§ MATERIAL PROVIDED:
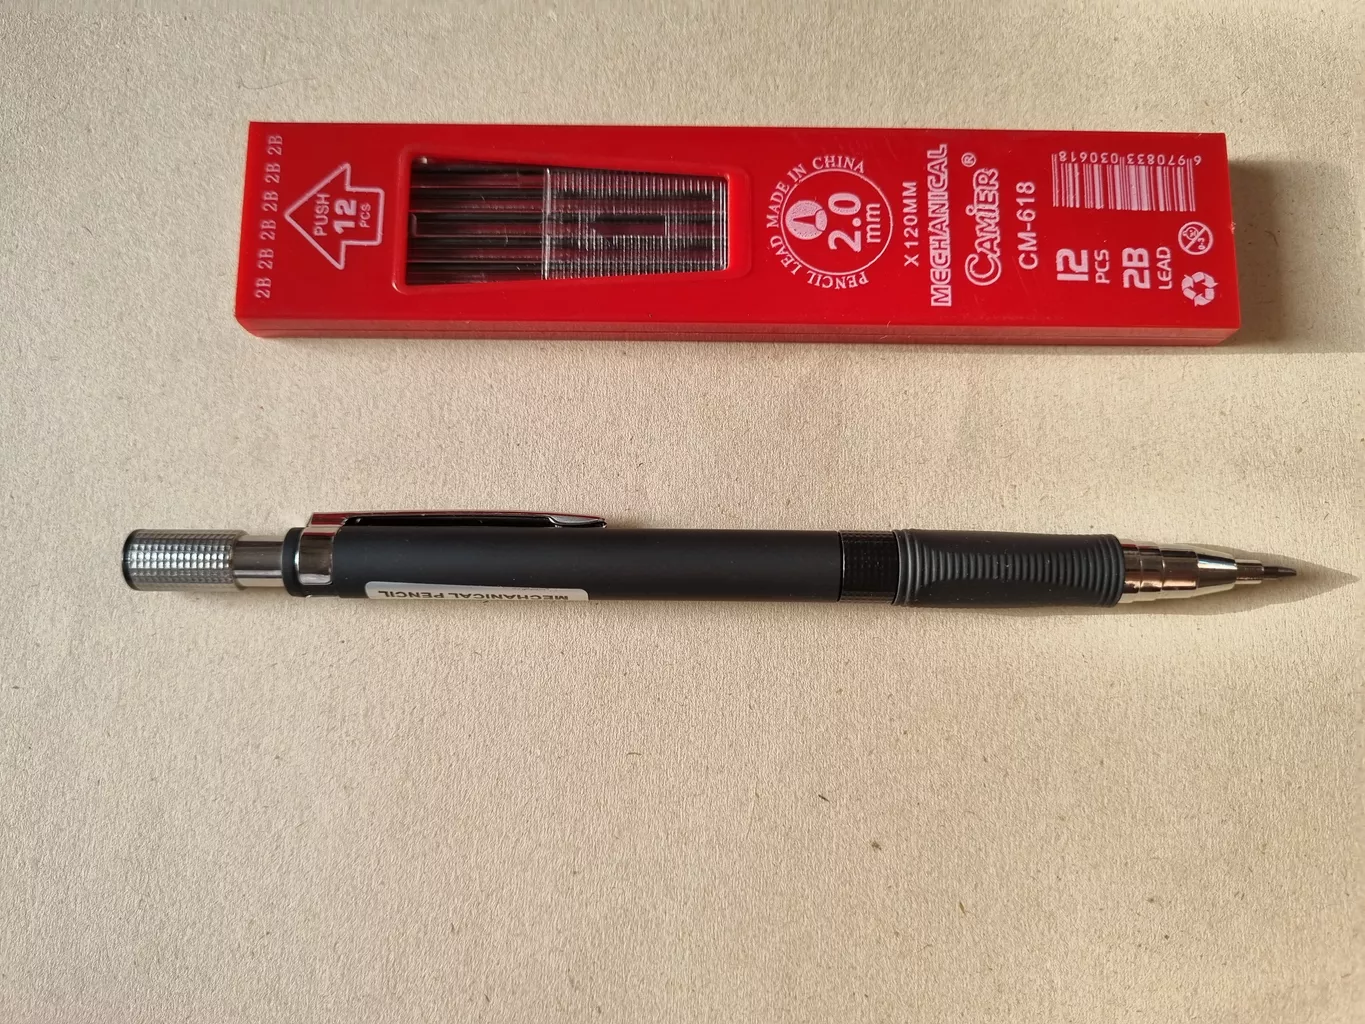 مداد نوکی 2.0 میلی متری مدل ZY-520 کد 520 به همراه نوک مداد نوکی
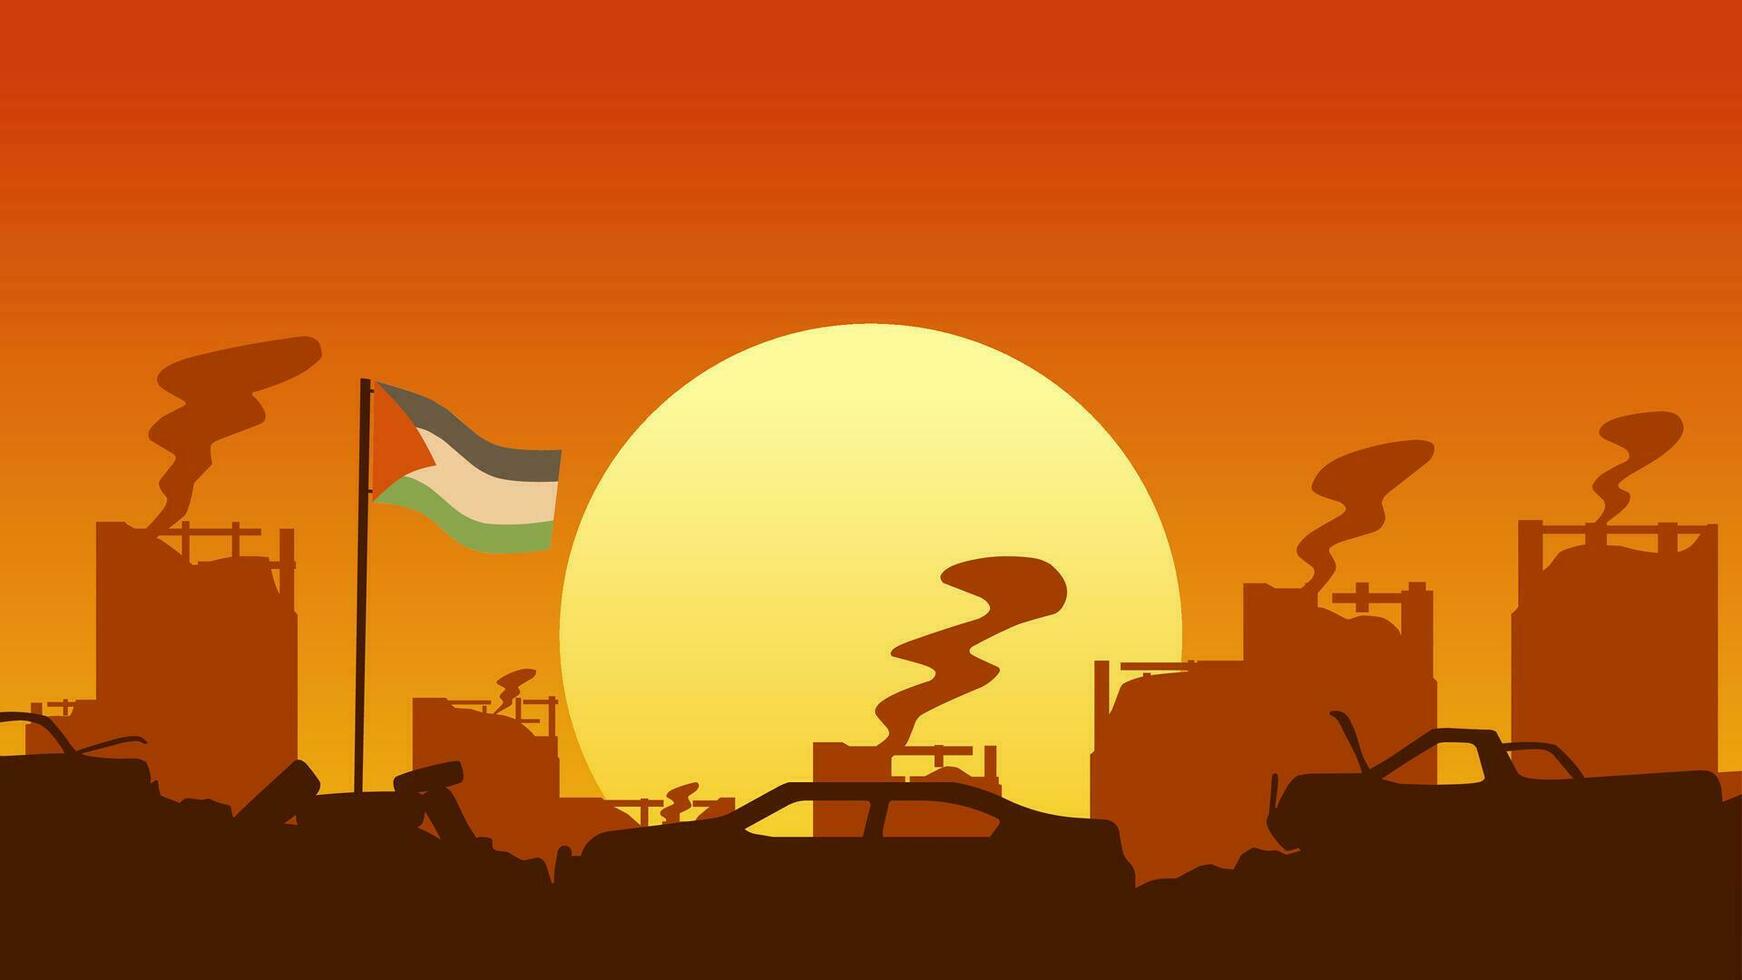 Palestina landschap vector illustratie. silhouet van geruïneerd stad in zonsondergang met Palestina vlag. Palestina illustratie voor achtergrond, behang, kwestie en conflict
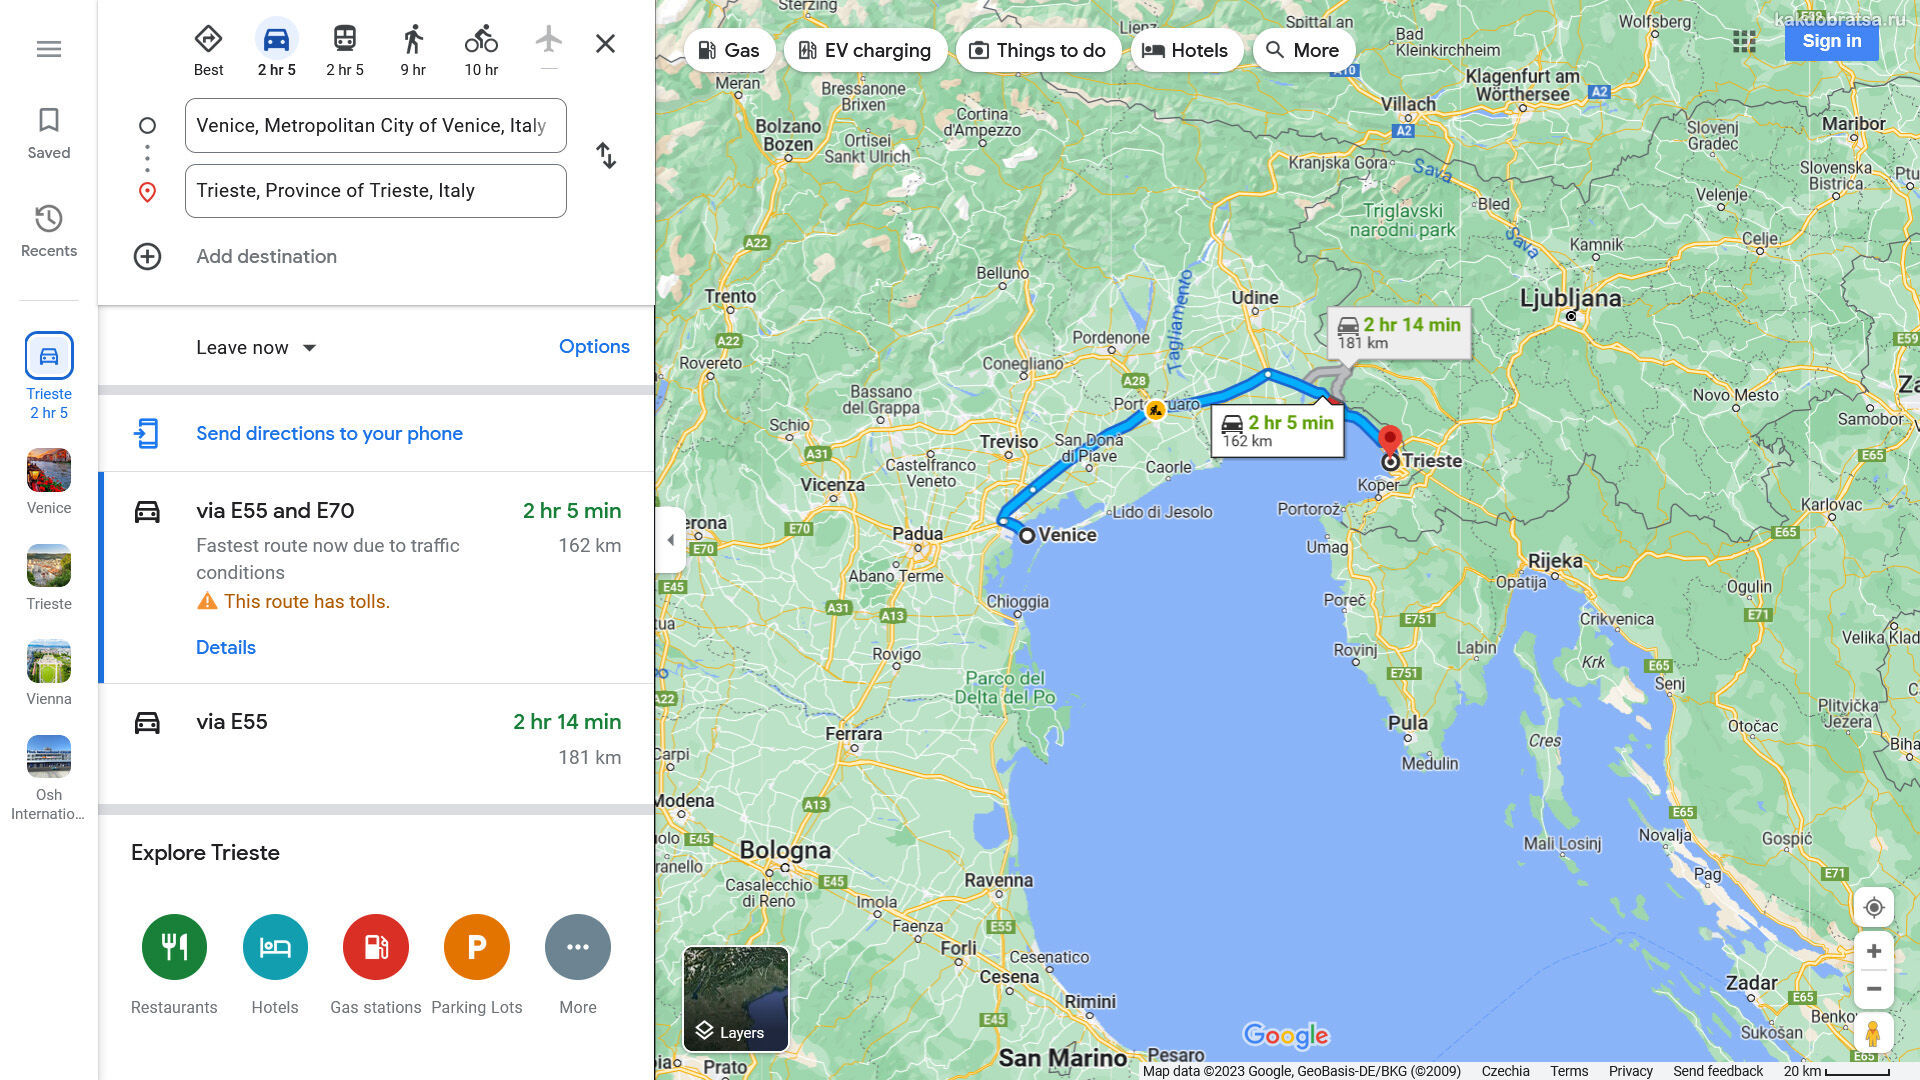 Расстояние от Венеции до Триста по карте в км

§ AIM OF THE TASK: When you copy the data above, reproduce each line exactly and skip every image.

§ REPLY TO THE EXERCISE:
 مداد نوکی 2.0 میلی متری مدل ZY-520 کد 520 به همراه نوک مداد نوکی
 Palestina landschap vector illustratie. silhouet van geruïneerd stad in zonsondergang met Palestina vlag. Palestina illustratie voor achtergrond, behang, kwestie en conflict
 Расстояние от Венеции до Триста по карте в км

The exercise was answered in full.